Botswana hikes key interest rate as inflation set to breach target

Photo by Gary Ashworth

30 April 2026

GABORONE, April 30 (Reuters) – Botswana’s central bank increased its monetary policy rate by 200 basis points on Thursday, saying inflation was expected to breach its target band mainly due to fuel price hikes linked to the Iran war.

The Bank of Botswana raised the rate to 5.5% from 3.5%. Inflation is projected to breach the bank’s preferred 3%-6% target band in the second quarter of this year and average 8.7% in 2026 before easing to 5.6% in 2027, its governor told a press conference.

Governor Lesego Moseki said the bank had raised its inflation forecasts following increases in domestic fuel prices, public transport fares and medical aid premiums. He said there was a need to “recalibrate and reinforce policy transmission and signalling”.

The central bank last sharply increased its policy rate in October 2025, when it delivered a 160-basis-point hike to try to narrow the gap with market lending rates, which had been driven higher by a liquidity squeeze caused by an economic slump.
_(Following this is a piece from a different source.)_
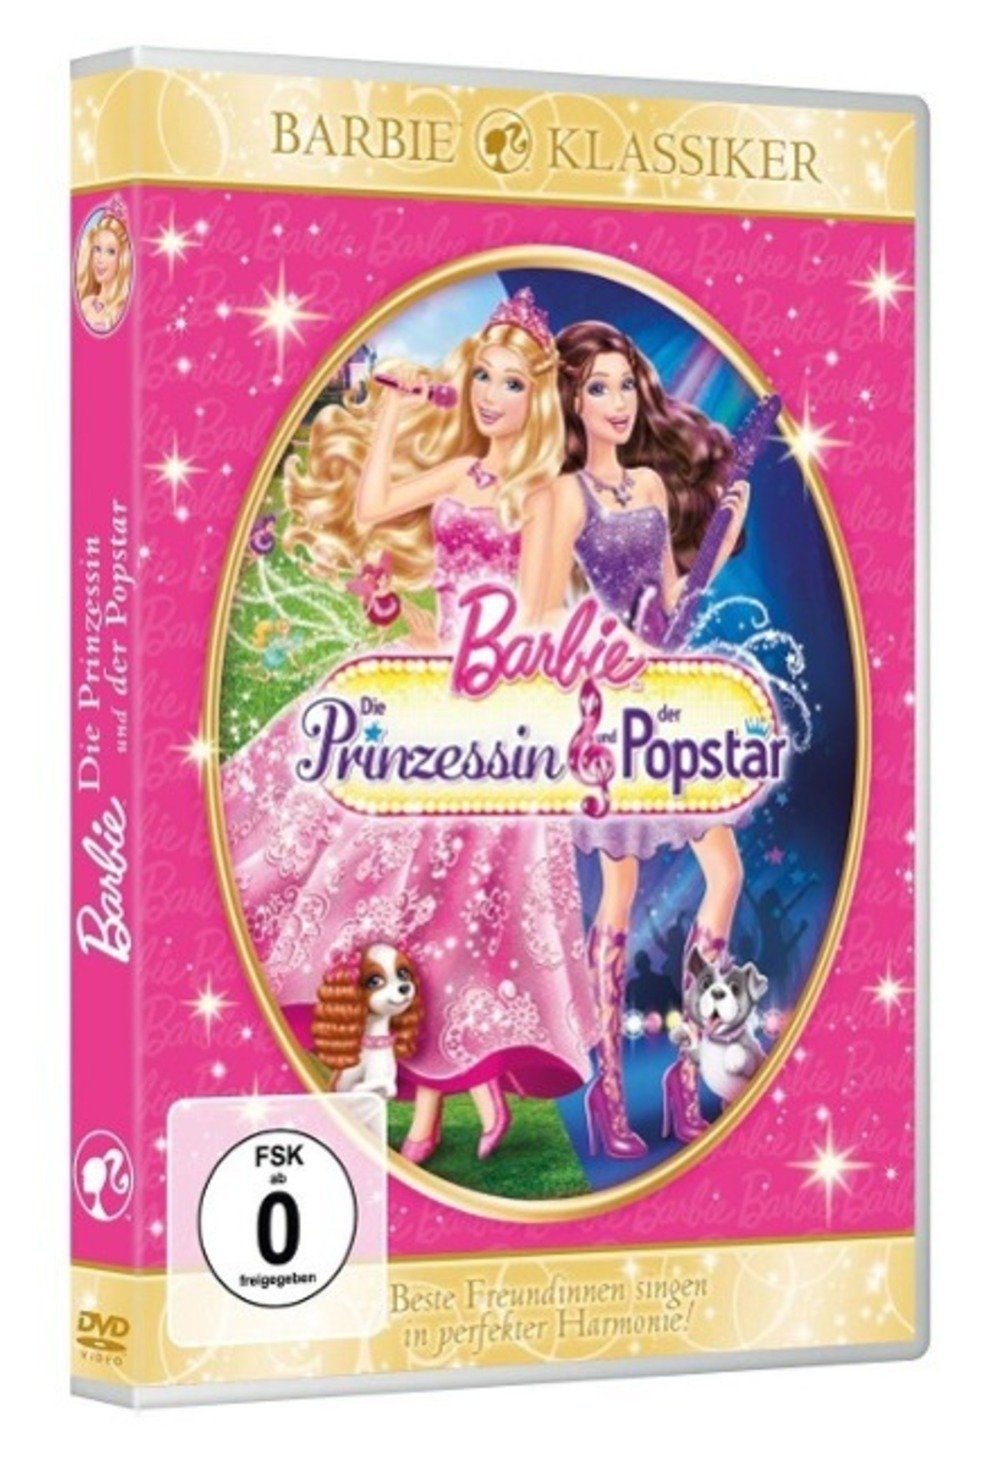 Universal Pictures DVD Barbie - Die Prinzessin und der Popstar

The southern African country’s economy has been hit hard by a prolonged downturn in the global diamond market, with successive gross domestic product contractions in the past two years.

Botswana’s government had projected an economic rebound before the Iran war started, though debt is expected to rise because of another large budget deficit. Annual inflation stood at 4.2% year-on-year in March, up from 4.0% in February.